The musical template for vaporwave came from Eccojams and Ferraro's Far Side Virtual. Eccojams featured chopped and screwed variations on popular 1980s pop songs, while Far Side Virtual drew primarily on "the grainy and bombastic beeps" of then-recent past media, such as Skype, Second Life, Windows XP and the Nintendo Wii. According to Stereogums Miles Bowe, vaporwave was a fusion between Lopatin's "chopped and screwed plunderphonics" and the "nihilistic easy-listening of James Ferraro's Muzak-hellscapes". A 2013 post on a music blog presented those albums, along with Skeleton's Holograms, as "proto vaporwave".
Early scene
Vaporwave artists were originally "mysterious and often nameless entities that lurk the internet," Adam Harper noted, "often behind a pseudo-corporate name or web façade, and whose music is typically free to download through MediaFire, Last FM, SoundCloud or Bandcamp." According to Metallic Ghosts, the original vaporwave scene came out of an online circle formulated on the site Turntable.fm. This circle included individuals known as Internet Club, Veracom, Luxury Elite, Infinity Frequencies, Transmuteo, Coolmemoryz, and Prismcorp.Numerous producers of this online milieu took inspiration from Ramona Langley's New Dreams Ltd.. The first reported use of the term "vaporwave" was in an October 2011 blog post by an anonymous user reviewing the album Surf's Pure Hearts by Girlhood; however, Burnett has been credited with coining the term as a way to tie the circle together. Langley's Floral Shoppe was the first album to be properly considered of the genre, containing all of the style's core elements.

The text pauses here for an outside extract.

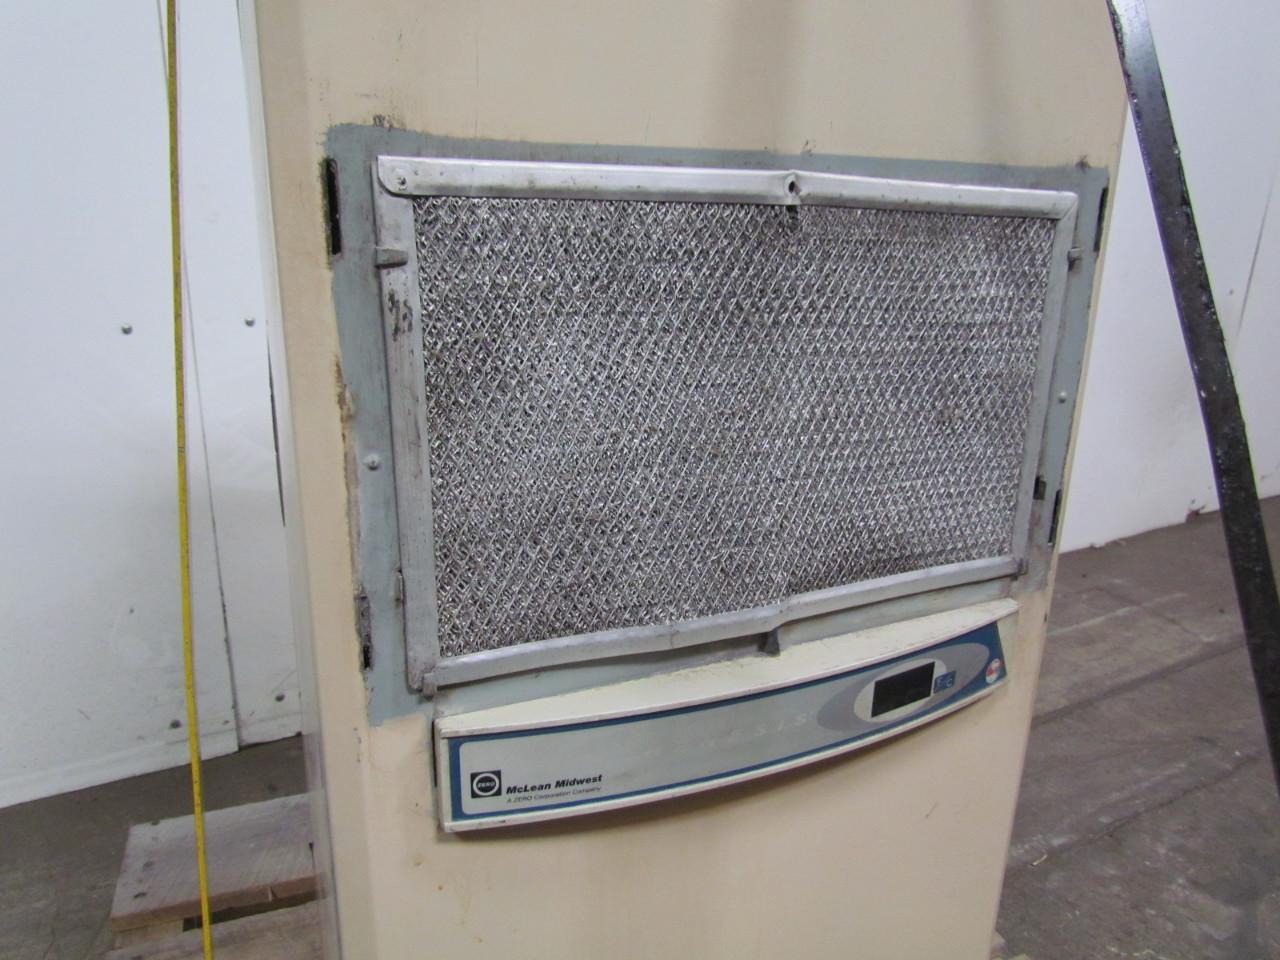 Midwest M36 0616 307 Enclosure Air Conditioner 5000/6000 BTU 115Vac #6F6646

Vaporwave found wider appeal over the middle of 2012, building an audience on sites like Last.fm, Reddit and 4chan. On Tumblr, it became common for users to decorate their pages with vaporwave imagery. In September, Blank Banshee released his debut album, Blank Banshee 0, which reflected a trend of vaporwave producers who were more influenced by trap music and less concerned with conveying political undertones. Bandwagon called it a "progressive record" that, along with Floral Shoppe, "signaled the end of the first wave of sample-heavy music, and... reconfigured what it means to make vaporwave music.
After a flood of new vaporwave acts turned to Bandcamp for distribution, various online music publications such as Tiny Mix Tapes, Dummy Mag and Sputnikmusic began covering the movement. However, writers, fans, and artists struggled to differentiate between vaporwave, chillwave, and hypnagogic pop, while Ash Becks of The Essential noted that larger sites like Pitchfork and Drowned in Sound "seemingly refused to touch vaporwave throughout the genre's two-year 'peak'." Common criticisms were that the genre was either "too dumb" or "too intellectual".